The Catholic Protectory was organized as a response to growing concern about the proselytizing activities of larger Protestant groups, prompting supporters of the Catholic Church to involve itself in child welfare services. The former Episcopal Bishop of North Carolina, Levi Silliman Ives, the founder and first president of the Catholic Protectory, was a major proponent for the founding of the Catholic Protcetory. Ives and his supporters supporters established the Protectory after an unsuccessful attempt to create a Catholic placing out agency to rival Charles Loring Brace's Protestant-run Children's Aid Society (CAS).

The Protectory began with two buildings on 36th and 37th Streets in Manhattan, for boys under the care of the Christian Brothers, a congregation founded in France, in the first quarter of the eighteenth century, by St. John Baptiste de la Salle for the training and correction of wayward youth. Many of the boys received had been adjudicated truants. The Boys Department subsequently relocated to 86th Street and Fifth Ave.

In October 1863, a building at the corner of 86th Street and Second Avenue was secured for girls and placed under the direction of the Sisters of Charity. This proving too small, a forty-acre farm was purchased in Westchester and a new building erected in 1859. The sisters took care of all the girls, and any boys under ten years of age; the brothers had charge of the older boys. Unlike many similar institutions, the Protectory provided training in skills that would allow its charges to make a living upon leaving. It was felt that vocational studies should not be postponed until mature years, but should be commenced early, so as to accustom the boy to what may afterwards prove to be the means of earning his own livelihood when he shall have left the Protectory. The boys learned printing in all its branches, photography, tailoring, shoemaking, laundry work, industrial and ornamental drawing, sign-painting, blacksmithing, plumbing, carpentry, bricklaying, stone-work, baking in its different branches, and in practical knowledge of boilers, engines, dynamos and electric wiring. The girls learned to embroider, cook and make gloves, typewriting, and stenography. According to Munch, "The boys handled all maintenance work on the property including painting, carpentry, masonry, bricklaying, and electrical work." The boys from different trades would make up sports teams to compete with one another. In 1865, the Protectory purchased the William Varian 114 acre farm in Westchester near St. Raymond's Church. A school and dormitories were built. The institution was an integral part of the parish until it was sold in 1938.

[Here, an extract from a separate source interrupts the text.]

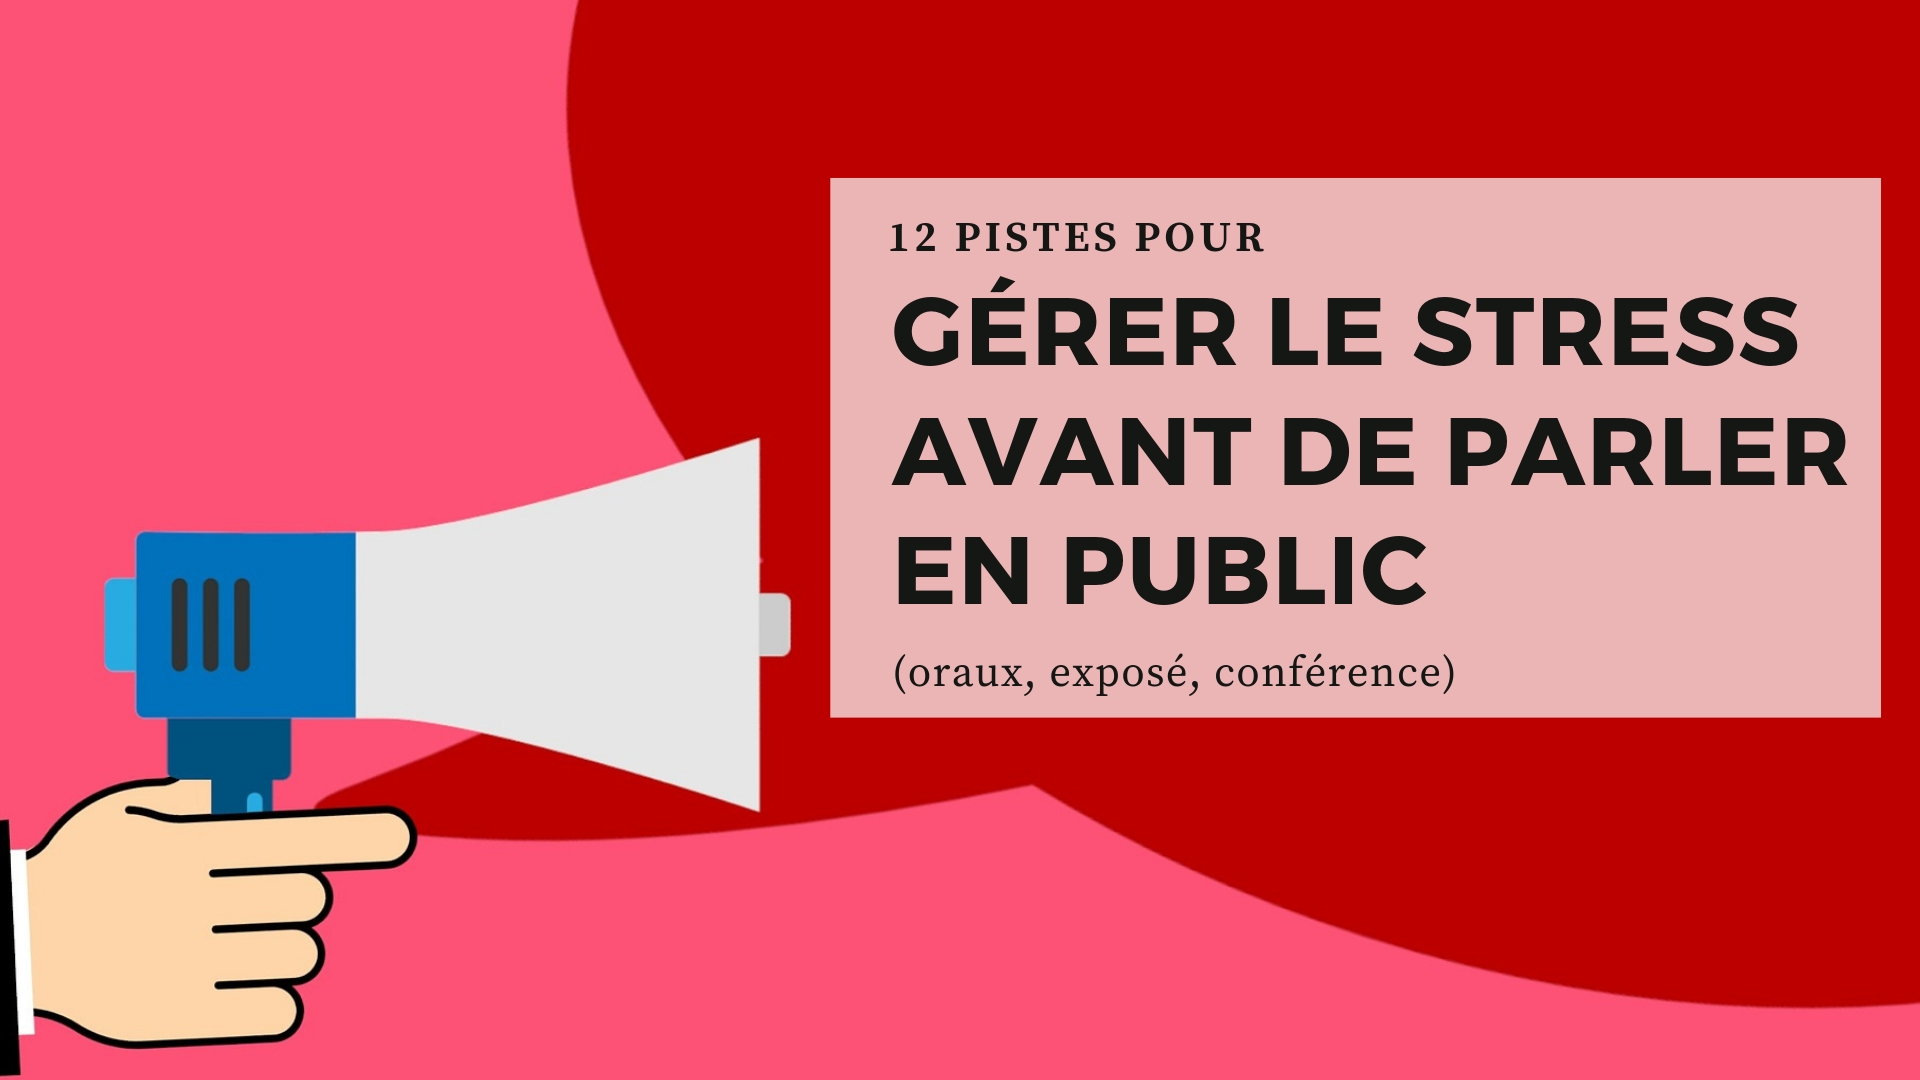 gérer stress parler en public
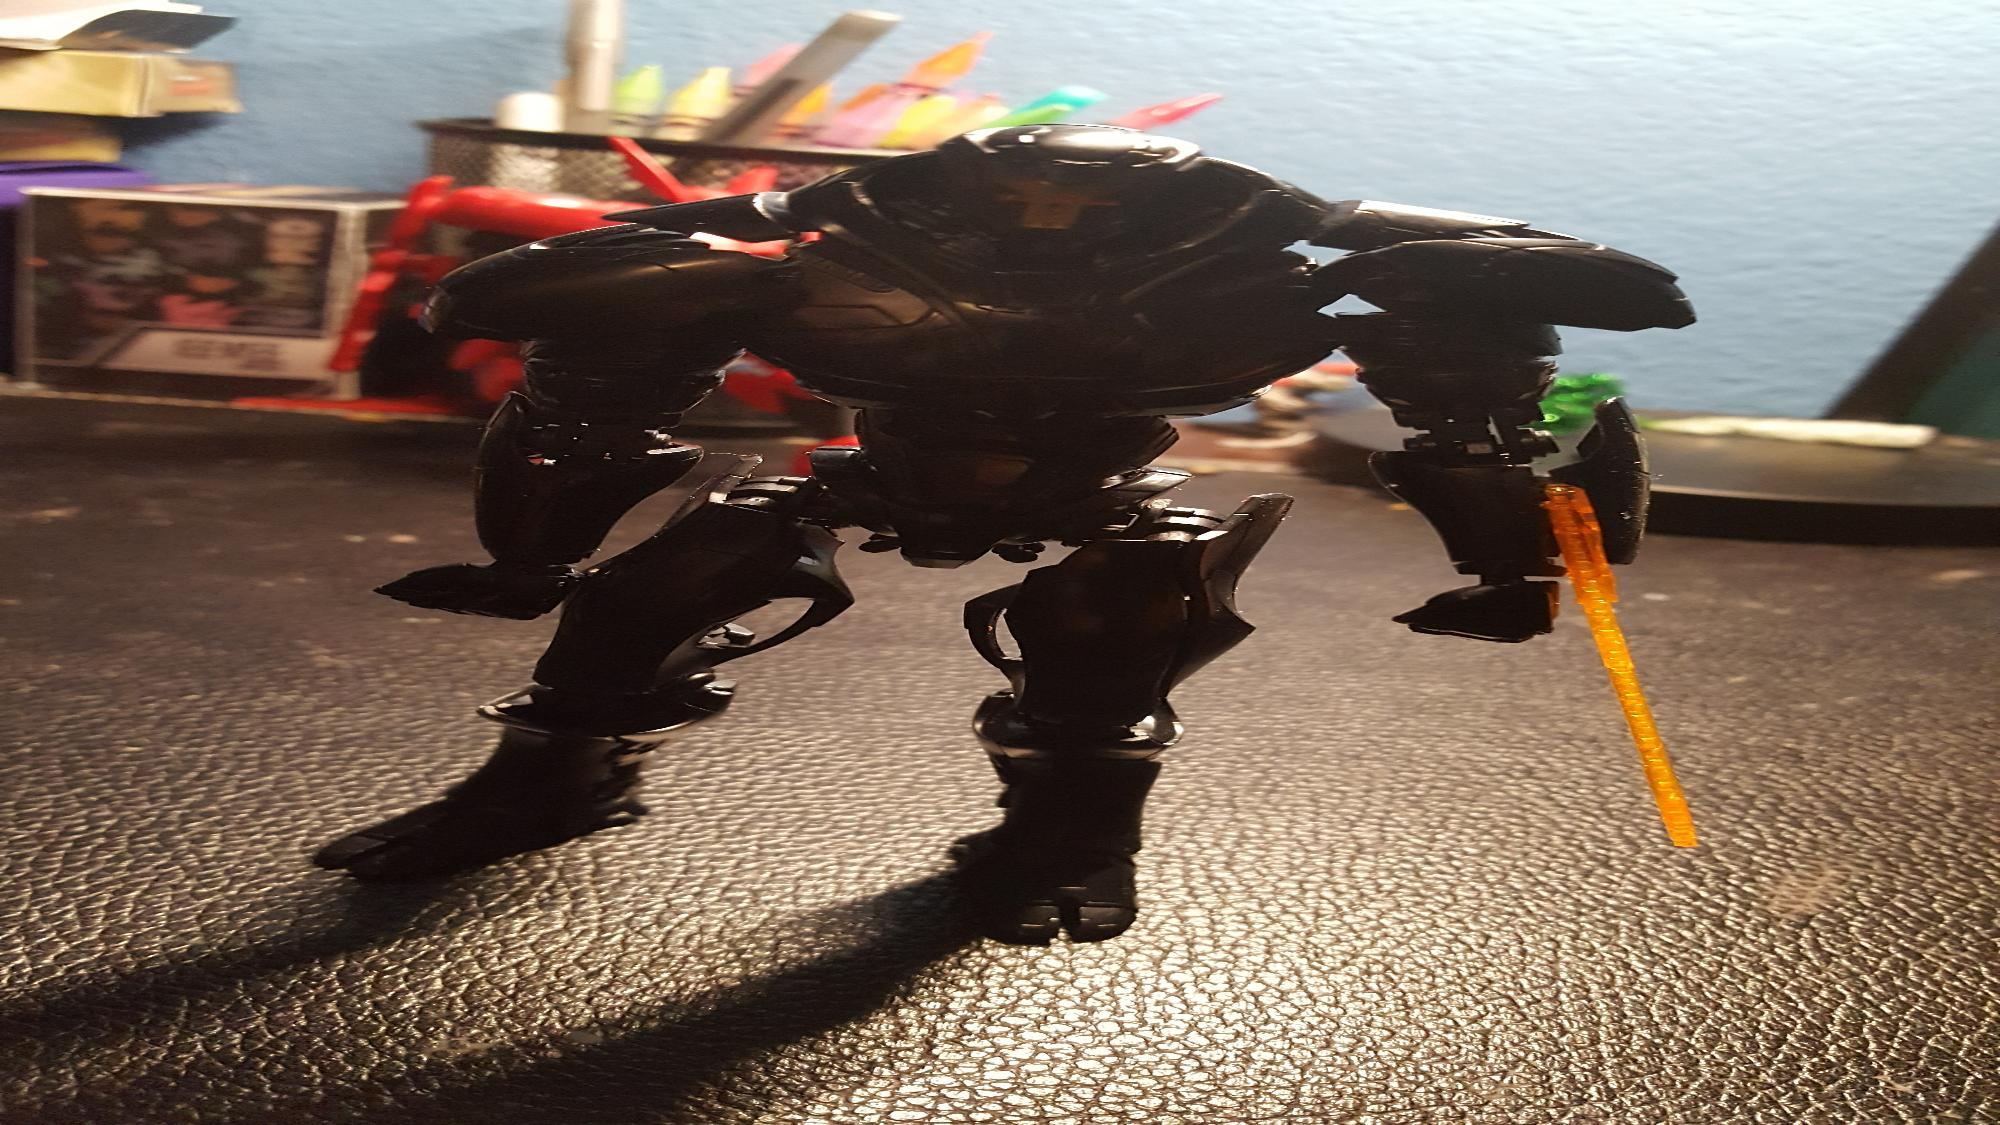 HG 144 Obsidian Fury. How is it?

A development with the greatest impact to New York Protectory's history happened in the mid-1870s. A year after adopting a constitutional amendment that prohibited the state of New York from subsidizing privately-run organizations, the New York legislature passed the Act to Provide for the Better Care of Pauper or Destitute Children, also known as the "Children's Law," in 1875. The Children's Law played a central part in the growth and rapid expansion of the Protectory because it provided for a weekly per capita subsidy to institutions caring for children, and it included a religious clause requiring children to be committed to an institution “that is governed or controlled by officers or persons of the same religious faith as the parents of such child, as far as practicable.” The law, with its special attention to children’s religious identities, had the effect of significantly increasing the number of Catholic children from poorhouses to Catholic-run orphanages. By the 1890s, Catholic orphanages in New York held 80% of the state's dependent children, while Jews and Protestants held a 10% share each.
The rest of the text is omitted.